J Turner Whitted (Ph.D. 1978), from Pittsboro, North Carolina, has been named an IEEE Fellow, being recognized for contributions to computer graphics.
The IEEE Grade of Fellow is conferred by the IEEE Board of Directors upon a person with an outstanding record of accomplishments in any of the IEEE fields of interest. The total number selected in any one year cannot exceed one-tenth of one- percent of the total voting membership. IEEE Fellow is the highest grade of membership and is recognized by the technical community as a prestigious honor and an important career achievement.
Whitted joined NVIDIA in 2014 after 15 years at Microsoft Research where he founded the hardware devices group and managed the graphics group along with a variety of other groups devoted to HCI. He was a co-inventor of the signal processing algorithm for ClearTypeTM. He co-founded Numerical Design Limited in 1983 and served as president and technical director until 1996. Earlier, as a member of the technical staff at Bell Laboratories, he introduced recursive ray tracing as an implementation of global illumination. In his early career he designed digital test equipment, antenna measurement systems, and components of a sonar signal processor.

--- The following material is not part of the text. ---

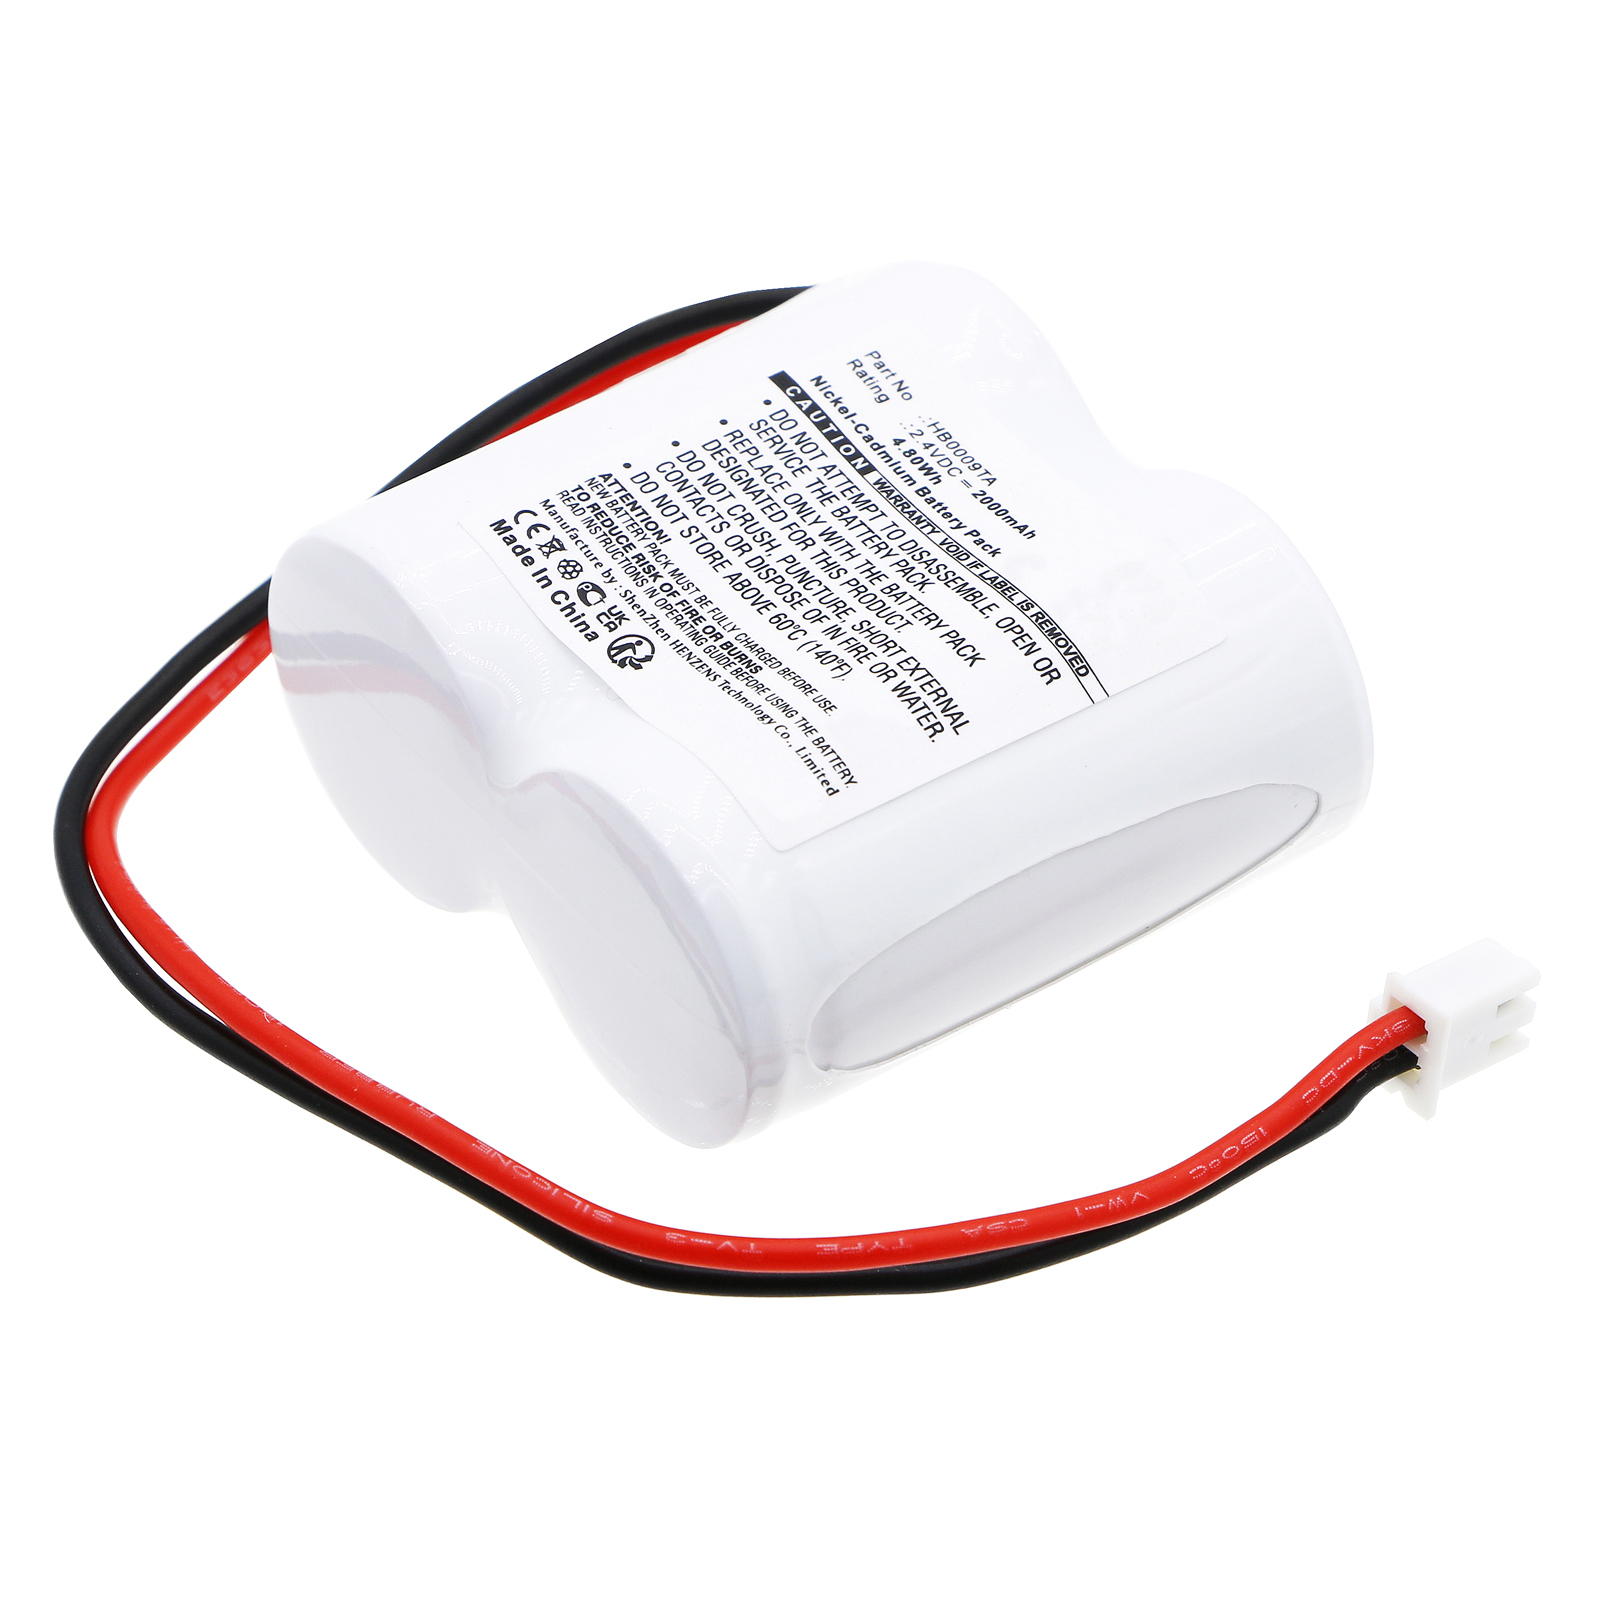 Synergy Digital Emergency Lighting Battery, Compatible with Legrand MGN0625 Emergency Lighting Battery (Ni-CD, 2.4V, 2000mAh)

He earned BSE and MS degrees from Duke University and a PhD from North Carolina State University, all in electrical engineering. He is an adjunct research professor of Computer Science at the University of North Carolina and adjunct professor of Electrical and Computer Engineering at North Carolina State University. In the past he has served on the editorial boards of IEEE Computer Graphics and Applications and ACM Transactions on Graphics, was papers chair for SIGGRAPH 97, and served on the SIGGRAPH executive committee. In 2005 he was named a Distinguished Engineering Alumnus by North Carolina State University and in 2013 received ACM SIGGRAPH’s Steven A. Coons Lifetime Achievement Award. He is an ACM Fellow and a member of the National Academy of Engineering.
Whitted was inducted into the ECE Hall of Fame in 2015 and was named a Distinguished Engineering Alumnus by the College of Engineering in 2005.